• [INFORMATION PROVIDED]:
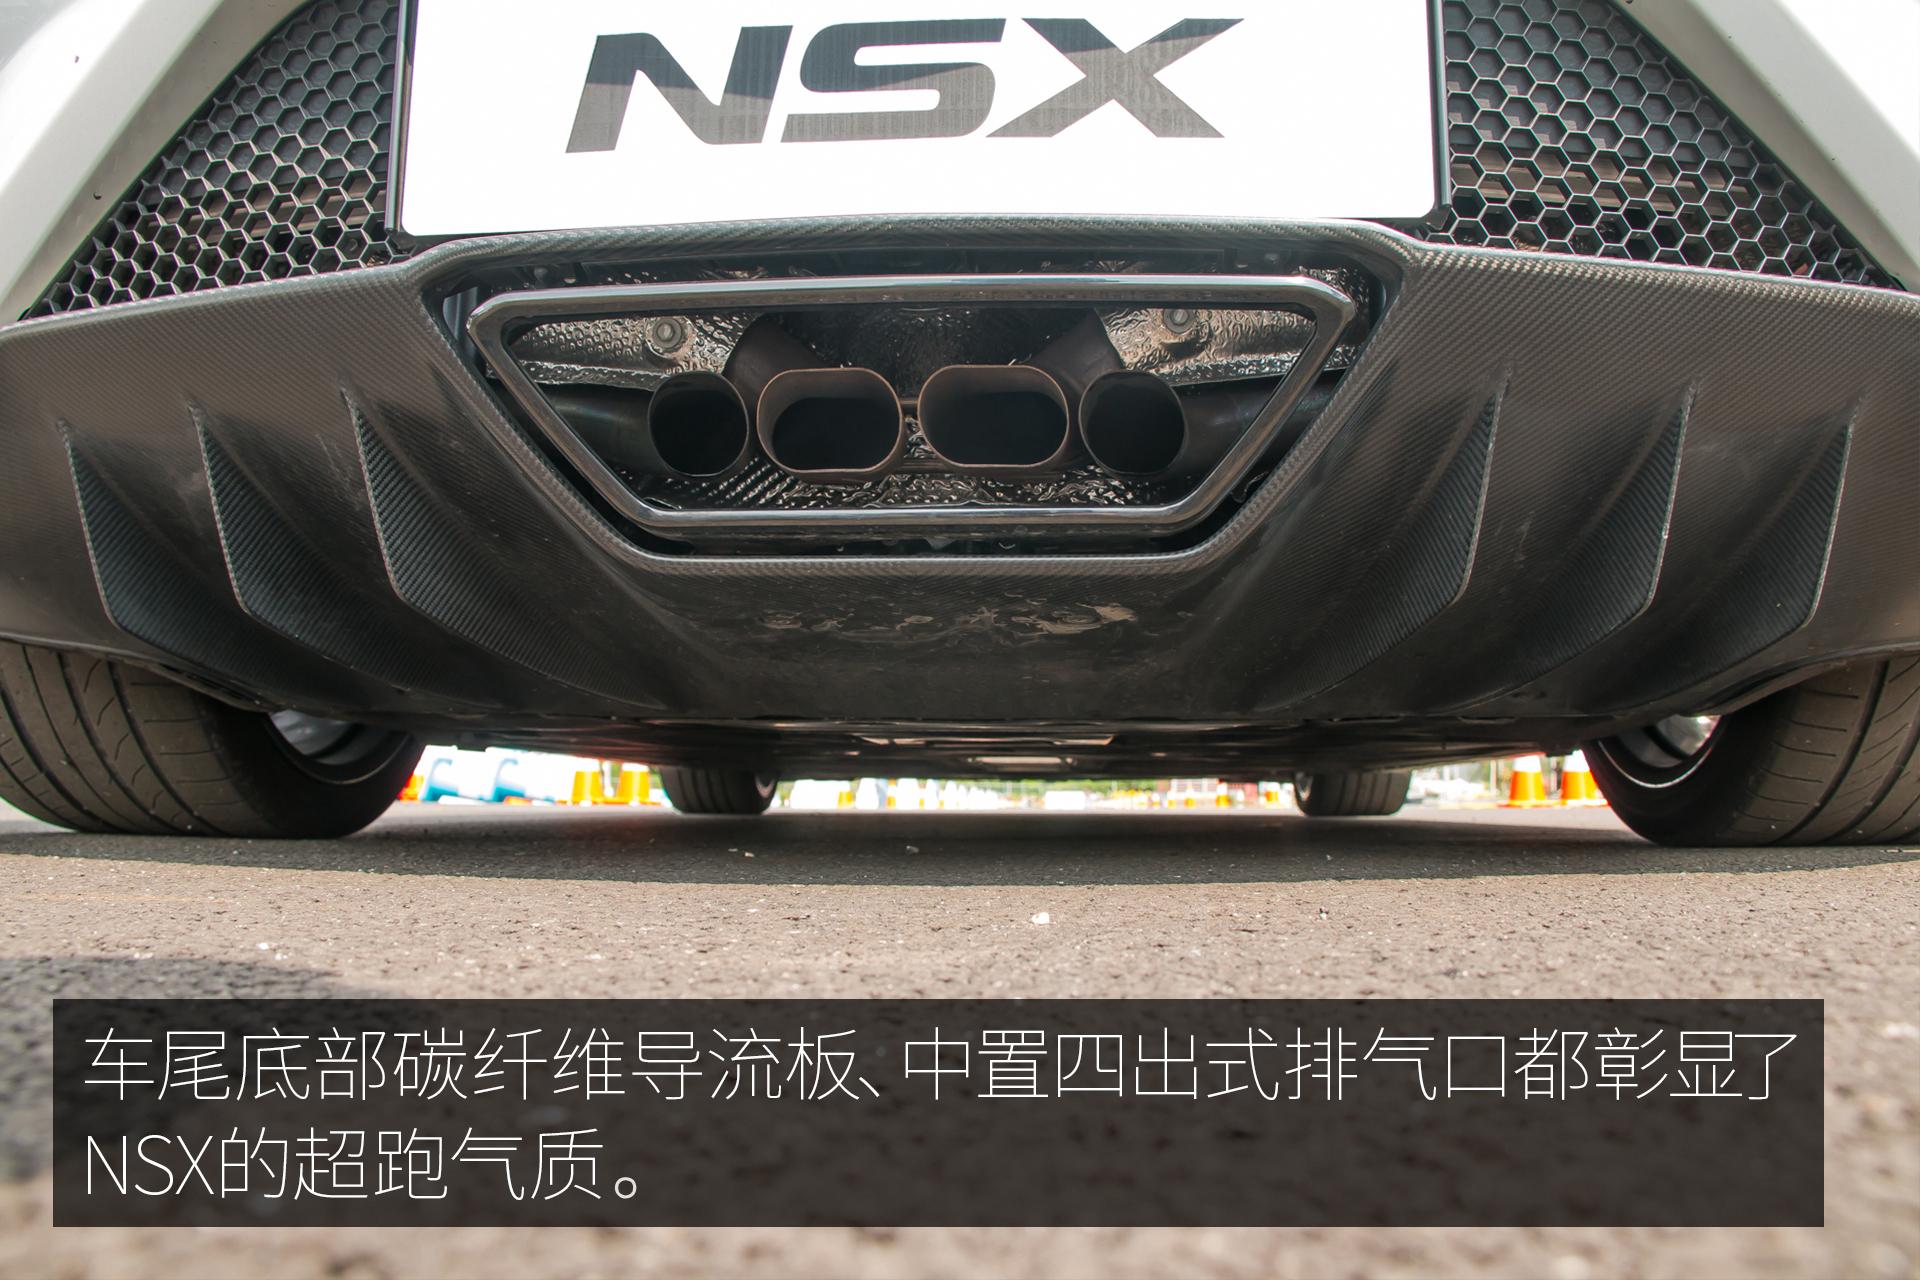 NSX 排气管.jpg
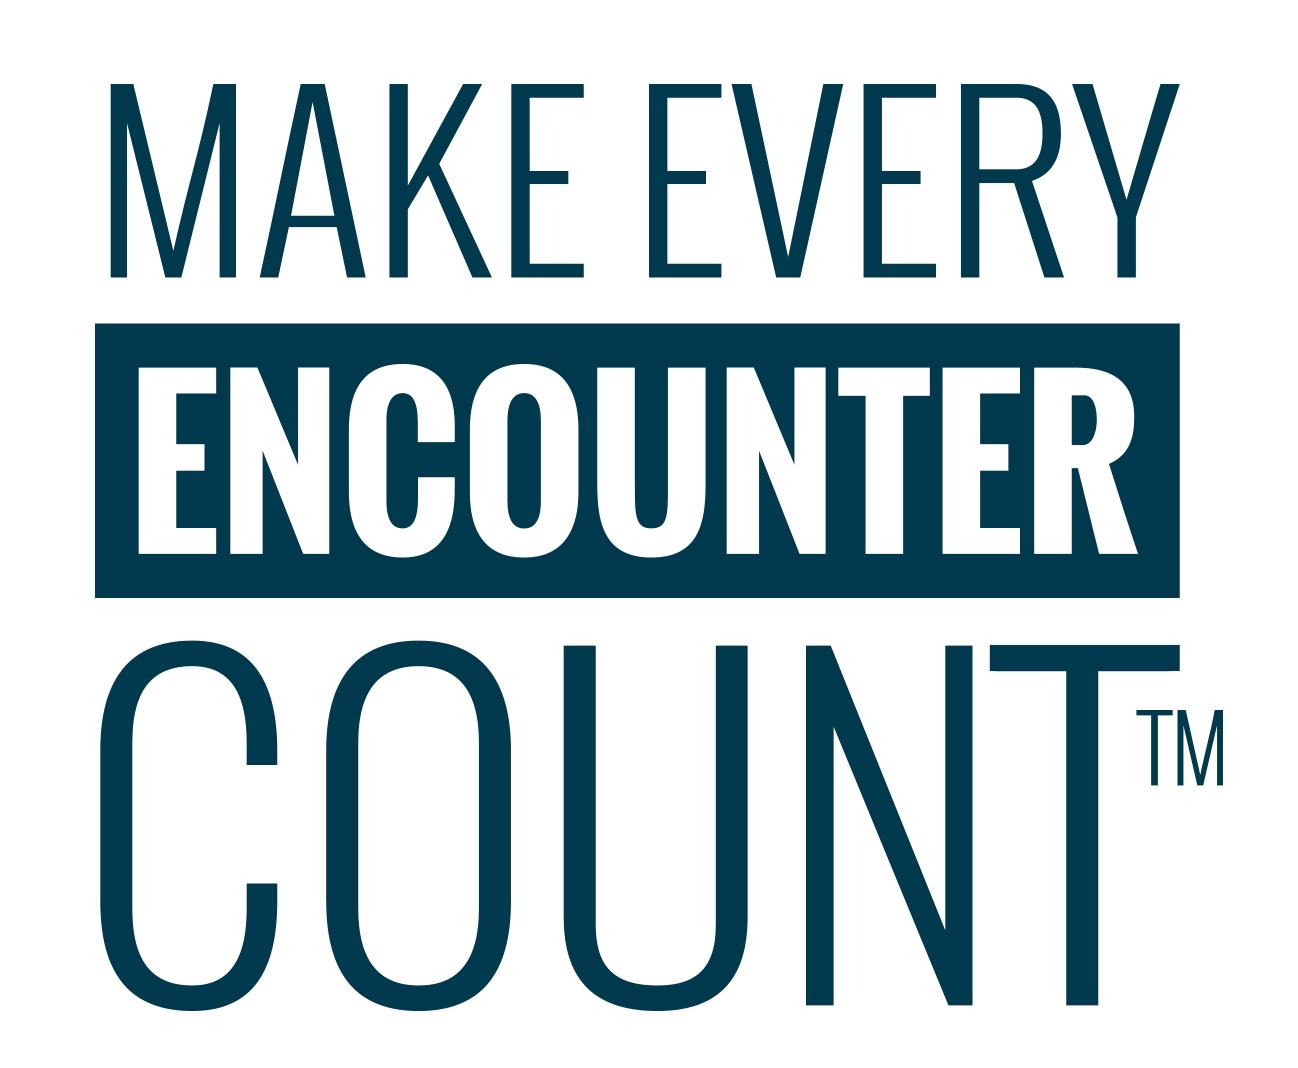 Enrollment: Make Every Encounter Count
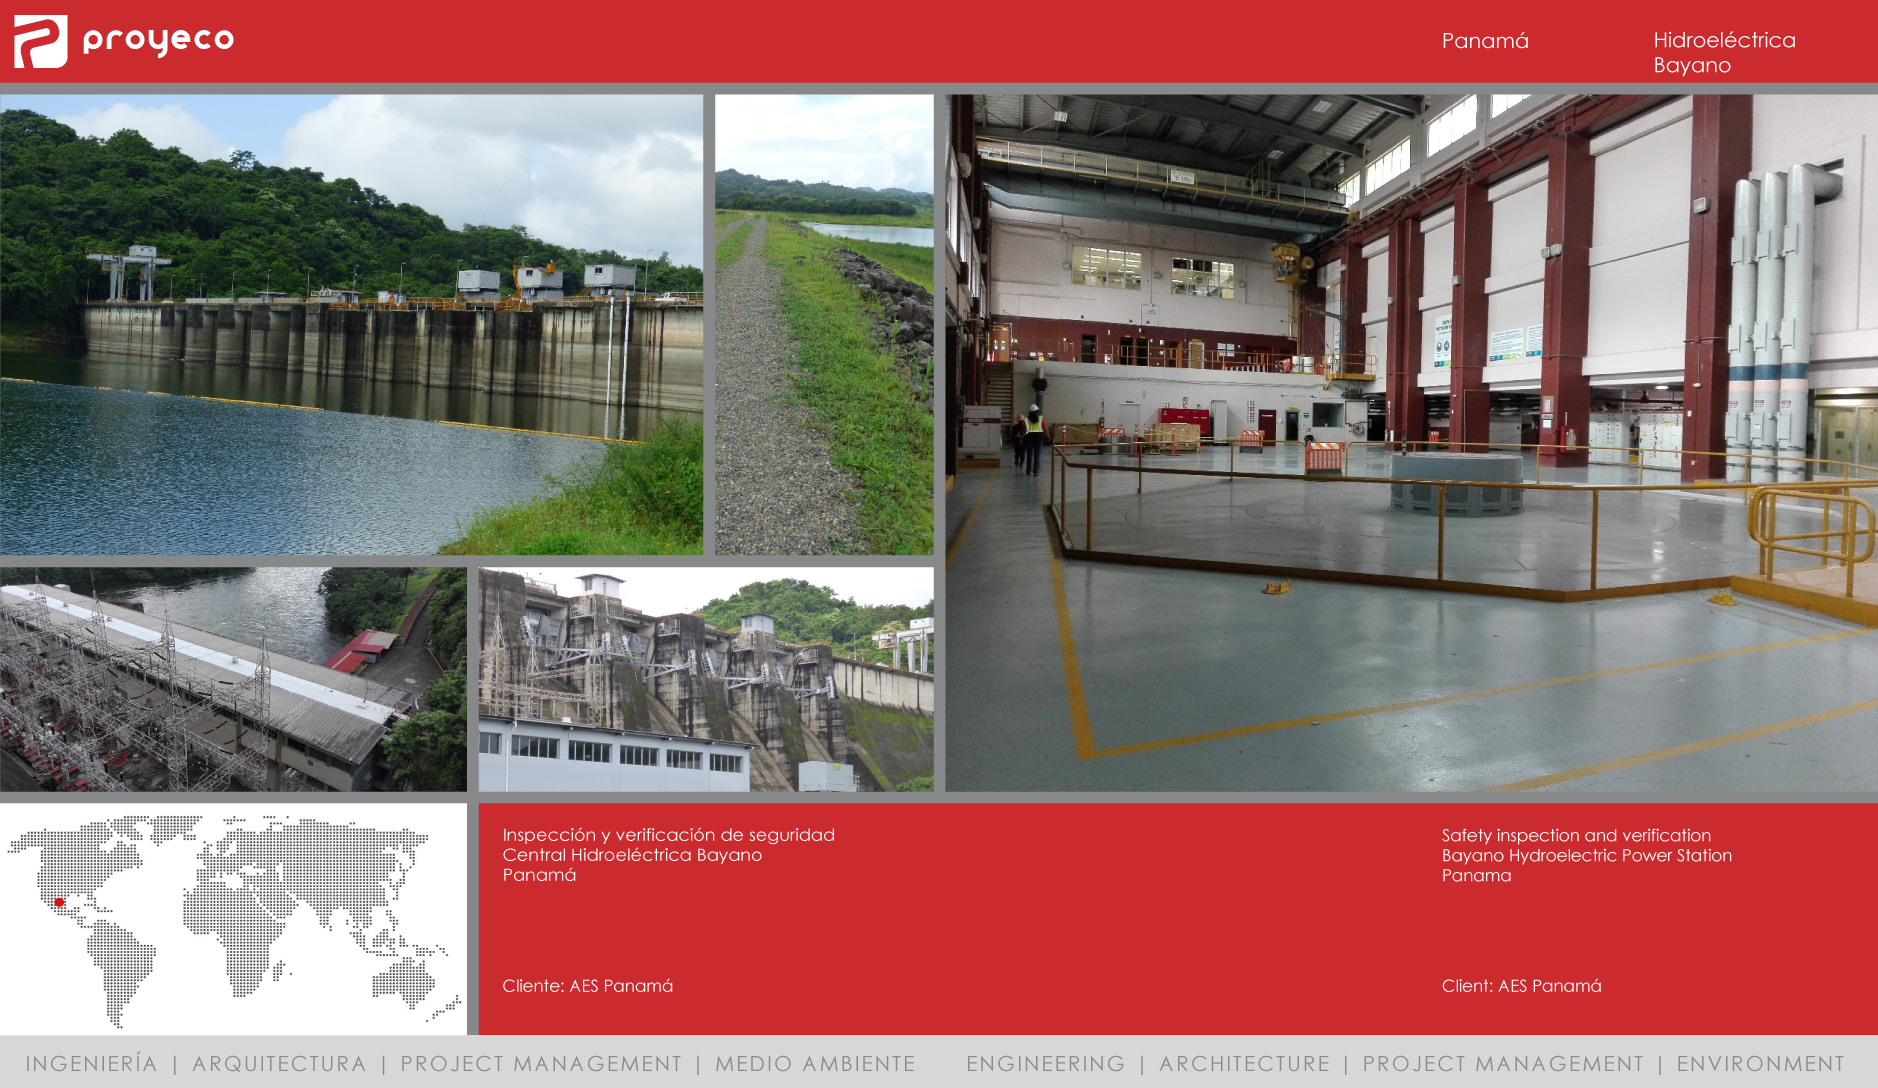 199_Hidroelectrica-Bayano

• [ABOUT THIS TASK]:
In your copy, reproduce the data above exactly and skip every picture.

• [RESPONSE]:
 NSX 排气管.jpg
 Enrollment: Make Every Encounter Count
 199_Hidroelectrica-Bayano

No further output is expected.